▸ **WORK INSTRUCTION**: Please restate each entry below, word for word.

▸ **DATA SUPPLIED**:
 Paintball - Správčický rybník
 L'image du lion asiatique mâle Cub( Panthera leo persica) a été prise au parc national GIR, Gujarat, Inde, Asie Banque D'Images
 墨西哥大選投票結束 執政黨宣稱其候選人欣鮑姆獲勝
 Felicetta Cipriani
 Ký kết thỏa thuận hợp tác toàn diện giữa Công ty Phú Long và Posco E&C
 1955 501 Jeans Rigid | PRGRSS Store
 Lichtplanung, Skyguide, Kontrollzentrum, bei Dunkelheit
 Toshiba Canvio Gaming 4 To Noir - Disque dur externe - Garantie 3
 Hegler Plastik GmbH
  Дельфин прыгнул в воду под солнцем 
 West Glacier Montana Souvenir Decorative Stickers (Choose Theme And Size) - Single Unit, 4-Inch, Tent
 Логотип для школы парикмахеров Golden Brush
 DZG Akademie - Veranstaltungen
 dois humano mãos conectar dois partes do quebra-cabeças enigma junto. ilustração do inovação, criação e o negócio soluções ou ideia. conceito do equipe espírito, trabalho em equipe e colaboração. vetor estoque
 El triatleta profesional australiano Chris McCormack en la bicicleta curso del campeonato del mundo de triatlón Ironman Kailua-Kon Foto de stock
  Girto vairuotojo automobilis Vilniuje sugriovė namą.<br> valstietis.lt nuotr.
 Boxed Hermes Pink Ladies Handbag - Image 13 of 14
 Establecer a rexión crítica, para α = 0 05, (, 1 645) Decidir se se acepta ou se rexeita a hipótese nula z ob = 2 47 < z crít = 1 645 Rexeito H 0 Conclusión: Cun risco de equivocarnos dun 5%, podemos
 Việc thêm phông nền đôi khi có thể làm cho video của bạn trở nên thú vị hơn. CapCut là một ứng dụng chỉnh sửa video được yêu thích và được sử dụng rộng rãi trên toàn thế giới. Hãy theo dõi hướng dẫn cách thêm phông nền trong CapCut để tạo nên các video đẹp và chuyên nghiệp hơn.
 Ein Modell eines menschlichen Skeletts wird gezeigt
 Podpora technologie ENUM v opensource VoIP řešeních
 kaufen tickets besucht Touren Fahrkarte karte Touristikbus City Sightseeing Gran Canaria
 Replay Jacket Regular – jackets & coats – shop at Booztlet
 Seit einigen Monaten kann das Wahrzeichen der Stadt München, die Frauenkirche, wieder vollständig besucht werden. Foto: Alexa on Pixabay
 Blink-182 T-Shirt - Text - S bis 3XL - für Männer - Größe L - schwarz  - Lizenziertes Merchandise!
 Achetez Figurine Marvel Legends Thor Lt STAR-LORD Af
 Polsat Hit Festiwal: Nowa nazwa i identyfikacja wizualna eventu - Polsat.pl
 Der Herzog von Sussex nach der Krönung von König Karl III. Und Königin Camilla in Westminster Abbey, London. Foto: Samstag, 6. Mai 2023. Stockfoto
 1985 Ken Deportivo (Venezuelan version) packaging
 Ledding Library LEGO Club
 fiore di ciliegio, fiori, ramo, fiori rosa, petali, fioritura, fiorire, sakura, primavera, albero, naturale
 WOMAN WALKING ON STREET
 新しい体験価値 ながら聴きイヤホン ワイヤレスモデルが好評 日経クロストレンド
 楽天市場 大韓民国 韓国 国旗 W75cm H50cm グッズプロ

▸ **TASK RESULT**:
 Paintball - Správčický rybník
 L'image du lion asiatique mâle Cub( Panthera leo persica) a été prise au parc national GIR, Gujarat, Inde, Asie Banque D'Images
 墨西哥大選投票結束 執政黨宣稱其候選人欣鮑姆獲勝
 Felicetta Cipriani
 Ký kết thỏa thuận hợp tác toàn diện giữa Công ty Phú Long và Posco E&C
 1955 501 Jeans Rigid | PRGRSS Store
 Lichtplanung, Skyguide, Kontrollzentrum, bei Dunkelheit
 Toshiba Canvio Gaming 4 To Noir - Disque dur externe - Garantie 3
 Hegler Plastik GmbH
  Дельфин прыгнул в воду под солнцем 
 West Glacier Montana Souvenir Decorative Stickers (Choose Theme And Size) - Single Unit, 4-Inch, Tent
 Логотип для школы парикмахеров Golden Brush
 DZG Akademie - Veranstaltungen
 dois humano mãos conectar dois partes do quebra-cabeças enigma junto. ilustração do inovação, criação e o negócio soluções ou ideia. conceito do equipe espírito, trabalho em equipe e colaboração. vetor estoque
 El triatleta profesional australiano Chris McCormack en la bicicleta curso del campeonato del mundo de triatlón Ironman Kailua-Kon Foto de stock
  Girto vairuotojo automobilis Vilniuje sugriovė namą.<br> valstietis.lt nuotr.
 Boxed Hermes Pink Ladies Handbag - Image 13 of 14
 Establecer a rexión crítica, para α = 0 05, (, 1 645) Decidir se se acepta ou se rexeita a hipótese nula z ob = 2 47 < z crít = 1 645 Rexeito H 0 Conclusión: Cun risco de equivocarnos dun 5%, podemos
 Việc thêm phông nền đôi khi có thể làm cho video của bạn trở nên thú vị hơn. CapCut là một ứng dụng chỉnh sửa video được yêu thích và được sử dụng rộng rãi trên toàn thế giới. Hãy theo dõi hướng dẫn cách thêm phông nền trong CapCut để tạo nên các video đẹp và chuyên nghiệp hơn.
 Ein Modell eines menschlichen Skeletts wird gezeigt
 Podpora technologie ENUM v opensource VoIP řešeních
 kaufen tickets besucht Touren Fahrkarte karte Touristikbus City Sightseeing Gran Canaria
 Replay Jacket Regular – jackets & coats – shop at Booztlet
 Seit einigen Monaten kann das Wahrzeichen der Stadt München, die Frauenkirche, wieder vollständig besucht werden. Foto: Alexa on Pixabay
 Blink-182 T-Shirt - Text - S bis 3XL - für Männer - Größe L - schwarz  - Lizenziertes Merchandise!
 Achetez Figurine Marvel Legends Thor Lt STAR-LORD Af
 Polsat Hit Festiwal: Nowa nazwa i identyfikacja wizualna eventu - Polsat.pl
 Der Herzog von Sussex nach der Krönung von König Karl III. Und Königin Camilla in Westminster Abbey, London. Foto: Samstag, 6. Mai 2023. Stockfoto
 1985 Ken Deportivo (Venezuelan version) packaging
 Ledding Library LEGO Club
 fiore di ciliegio, fiori, ramo, fiori rosa, petali, fioritura, fiorire, sakura, primavera, albero, naturale
 WOMAN WALKING ON STREET
 新しい体験価値 ながら聴きイヤホン ワイヤレスモデルが好評 日経クロストレンド
 楽天市場 大韓民国 韓国 国旗 W75cm H50cm グッズプロ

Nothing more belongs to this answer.